▸ Prompt
Any picture in the listing is left out of the copy; all else is duplicated exactly.

▸ The data
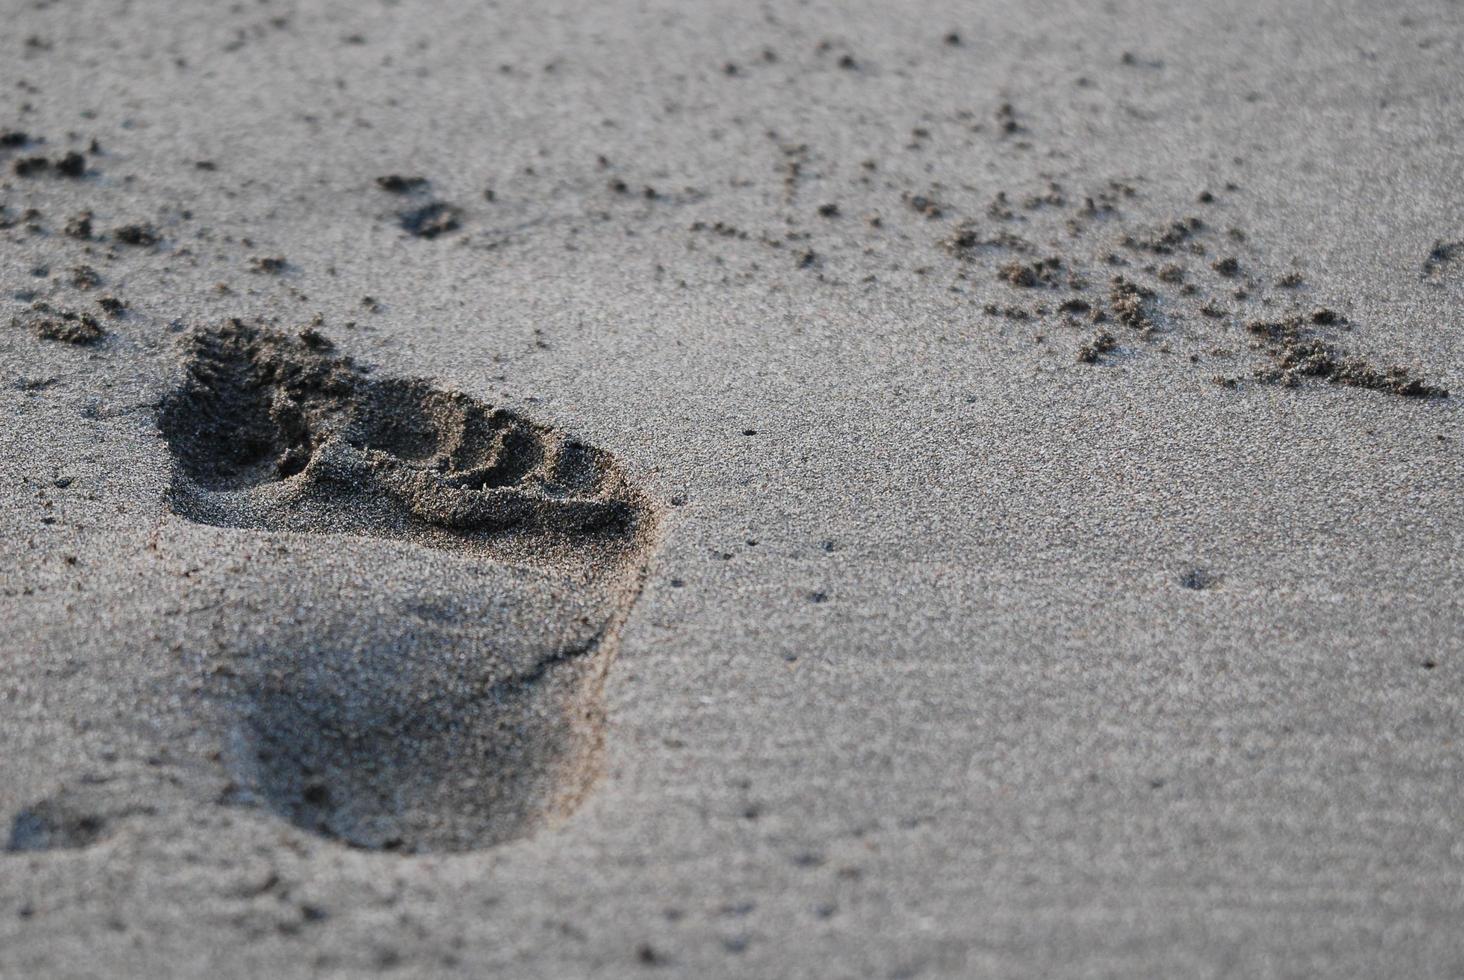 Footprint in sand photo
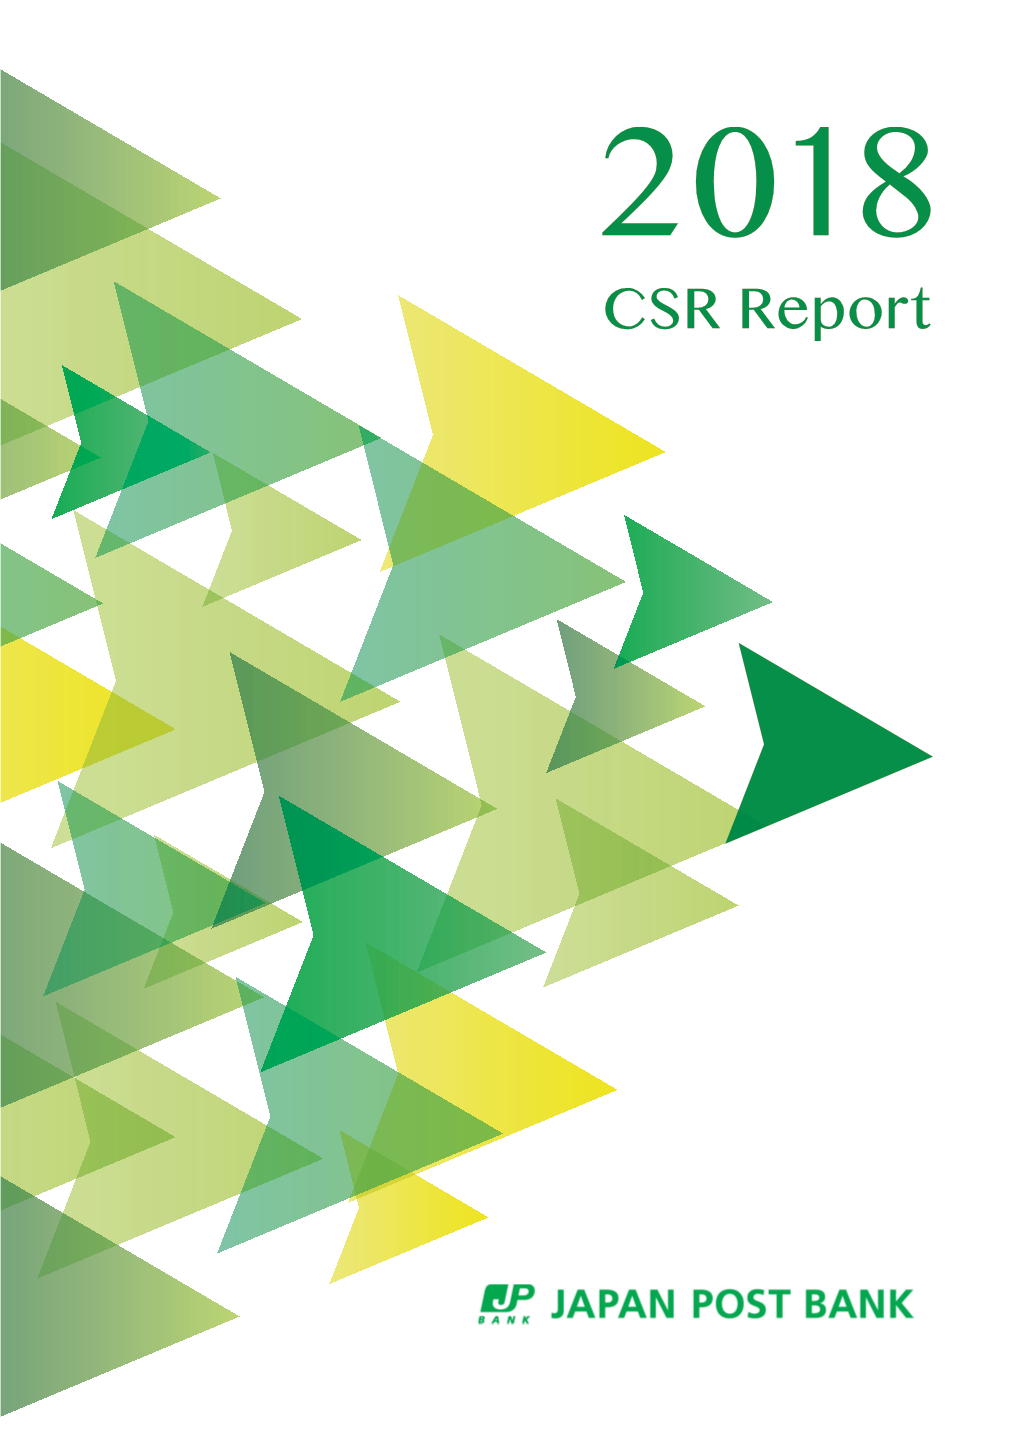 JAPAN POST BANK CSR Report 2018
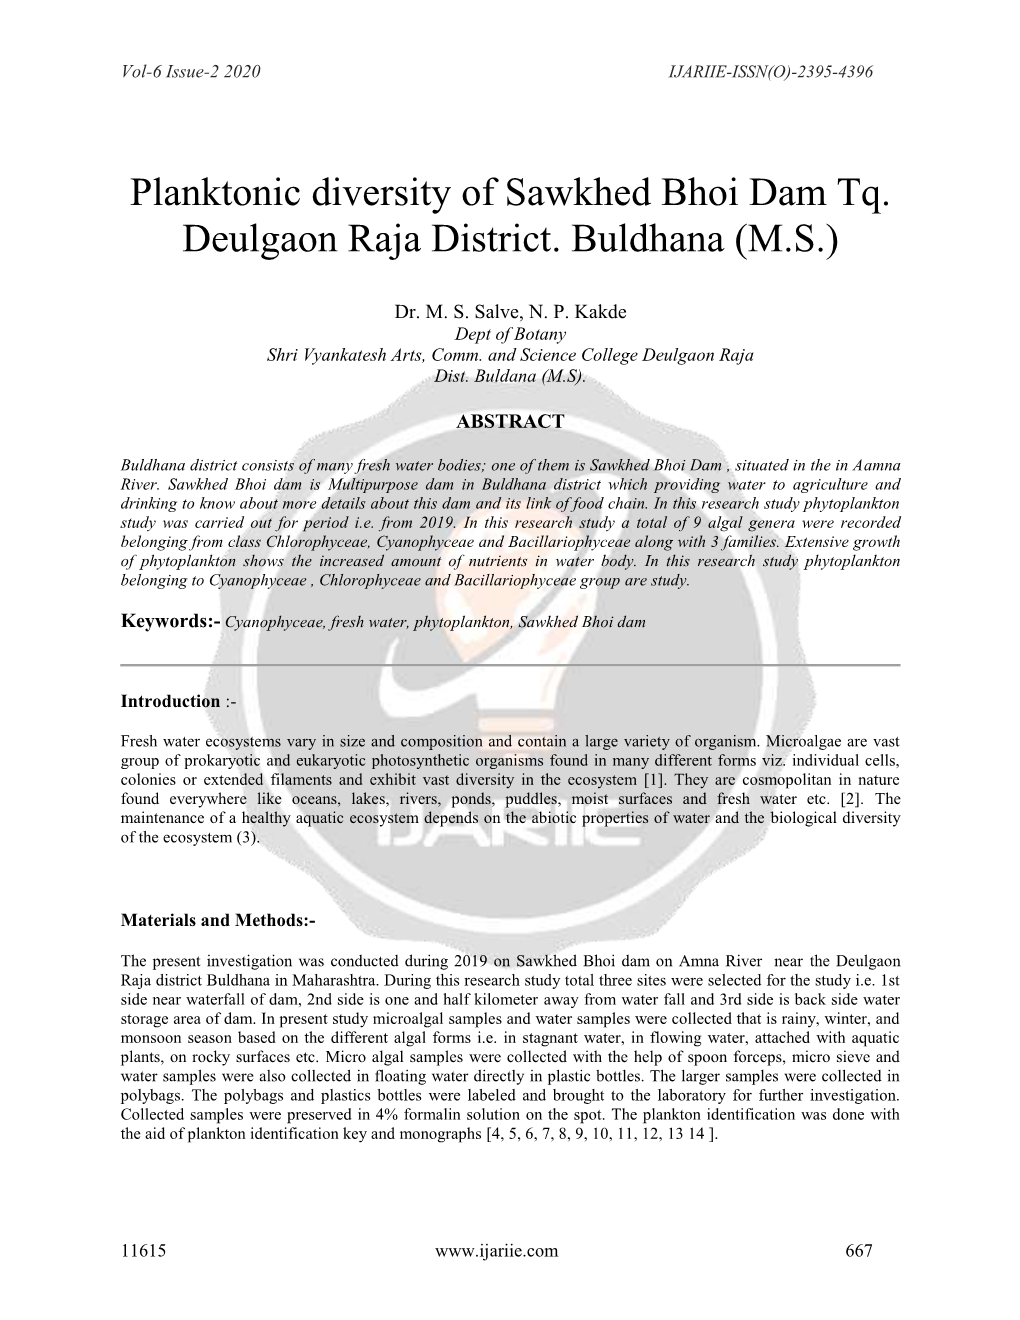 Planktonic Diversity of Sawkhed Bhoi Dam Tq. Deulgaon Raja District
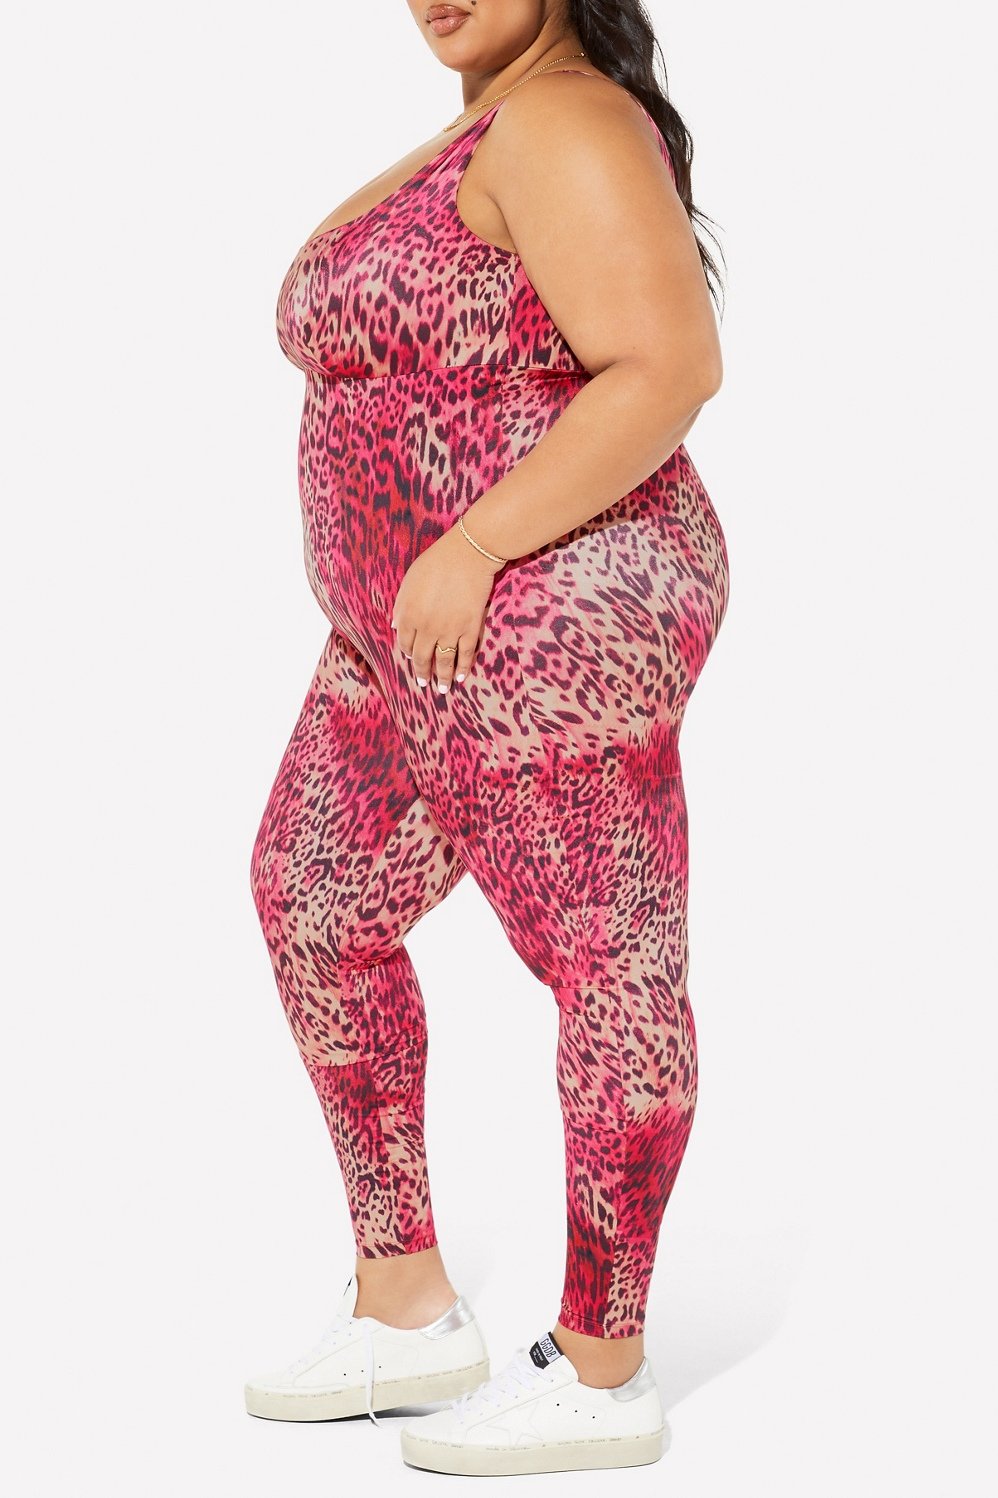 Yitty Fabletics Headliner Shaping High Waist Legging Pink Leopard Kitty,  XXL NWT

▸ Output for this exercise
 Footprint in sand photo
 JAPAN POST BANK CSR Report 2018
 Planktonic Diversity of Sawkhed Bhoi Dam Tq. Deulgaon Raja District
 Yitty Fabletics Headliner Shaping High Waist Legging Pink Leopard Kitty,  XXL NWT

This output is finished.